Admit it: The last time you sat down with a physician and revealed your medical history, did you fudge a bit? Were there certain incidents you were too embarrassed to admit? Did you gloss over certain behaviors that might make you look bad?
It’s a serious problem for health professionals and patients alike. With less-complete information to work with, doctors are more likely to misdiagnose an illness, or prescribe an inappropriate drug.
Recently published research offers a possible solution to this problem: Virtual humans. In the journal Computers in Human Behavior, a research team reports patients are more comfortable discussing private matters with these computer-created entities, and this ease prompts them to disclose more information.
People disclosed information more honestly and openly when they were told they were speaking exclusively to the computer. The participants also “reported significantly lower fear of self-disclosure” under those circumstances.
“The power of VH (virtual human) interviewers to elicit more honest responding comes from the sense that no one is observing or judging,” note the researchers, led by Gale Lucas of the University of Southern California’s Institute for Creative Technologies. People have a strong tendency to want to look good in front of others, including doctors; this problematic tendency can be short-circuited using this high-tech tool.
Lucas and her colleagues conducted an experiment featuring 239 adults recruited online. In person at their laboratory, each participant interacted with a virtual human seen on a computer screen. The figure was programmed to develop rapport with people; when appropriate, it gave “verbal empathetic feedback” such as “I’m sorry to hear that.” It also conveyed “active and empathetic listening” via nods and expressions.
The figure conducted a semi-structured screening interview with each study participant, as if they were being admitted to a clinic or hospital. After a series of get-to-know-you questions (“Where are you from originally?”), it asked a series of questions about medical issues and specific symptoms.

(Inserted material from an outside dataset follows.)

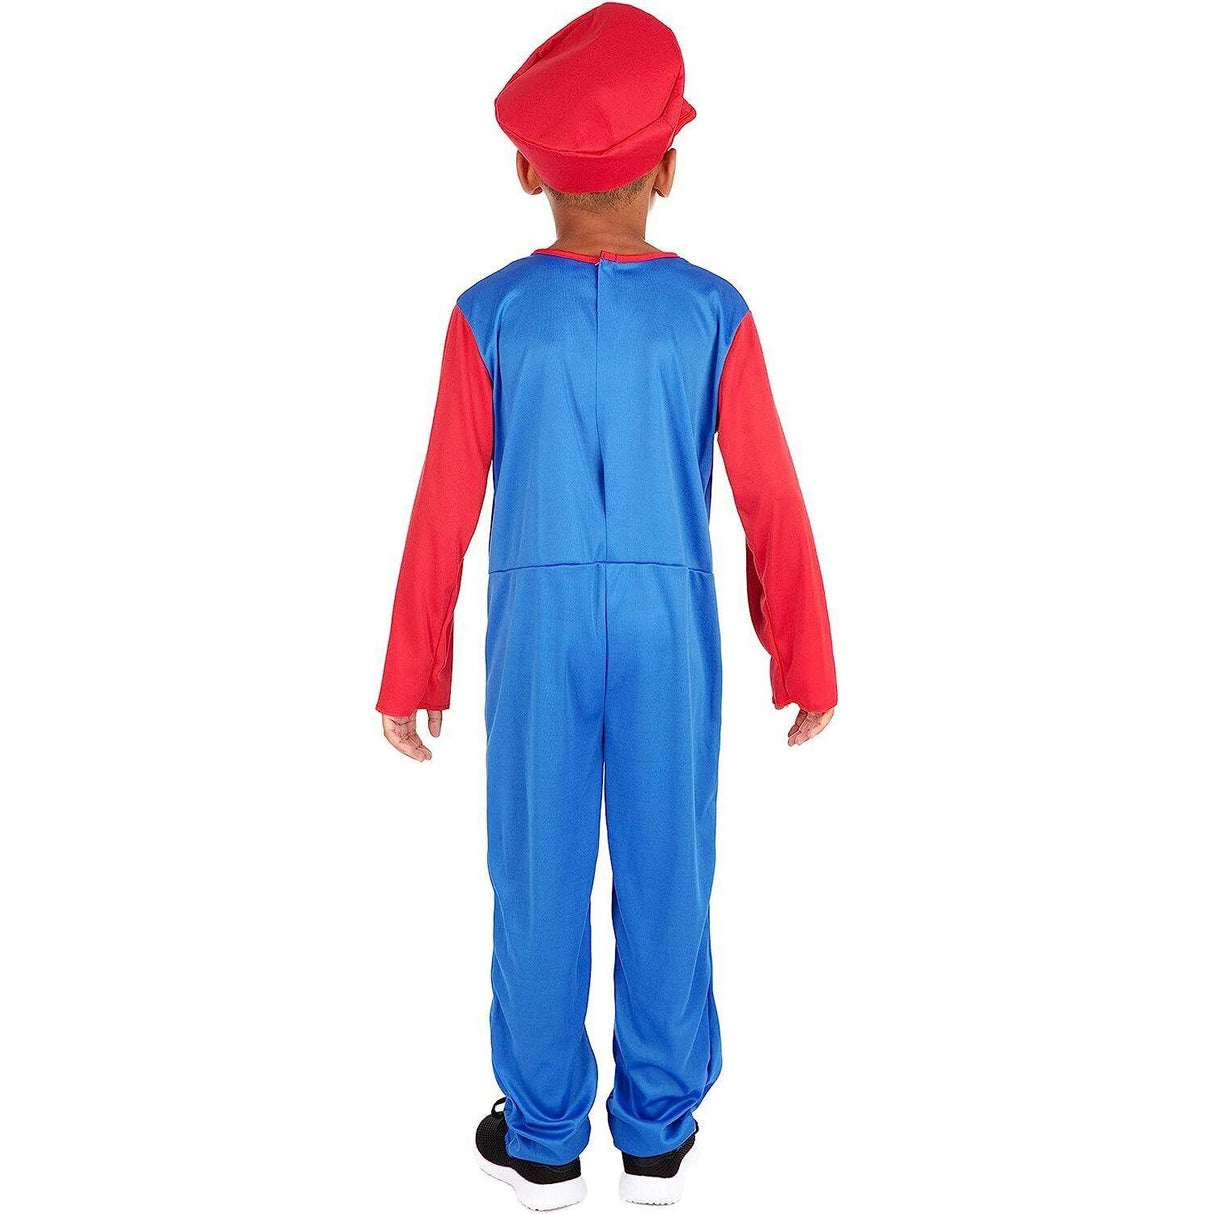 Bristol Novelty Italian Plumbers Mate Boy Costume - 8-10 Years

Half of the participants were told that their conversation was entirely computer-driven and not being observed. The others were informed they were being watched by a person in another room who was also manipulating the machine to ask certain questions. In all cases, video images of their faces were recorded and later analyzed to gauge their level of emotional expression.
Afterwards, participants responded to a series of statements measuring their comfort level with the experience. Finally, an outside observer noted their responses to certain sensitive questions (such as “How close are you to your family?”) and gauged their willingness to disclose personal information.
The result: People disclosed information more honestly and openly when they were told they were speaking exclusively to the computer. The participants also “reported significantly lower fear of self-disclosure” under those circumstances. These results were reiterated by the analysis of their facial expressions, which found they “allowed themselves to display more intense expressions of sadness” when they believed no human was watching them.
So the perception of anonymity was the key. That conclusion was confirmed in several ways, including by noting the closing remarks of many participants. “This is way better than talking to a person,” one commented. “I don’t really feel comfortable talking about personal stuff to other people.”
When it comes to fixing our health-care system, very few people would agree that part of the answer lies in less human interaction. Patients generally want more, not less, contact with health professionals. Yet this study suggests that, at least for the intake interview, a little less of the human touch—and a little more perceived privacy—may be precisely what the doctor ordered.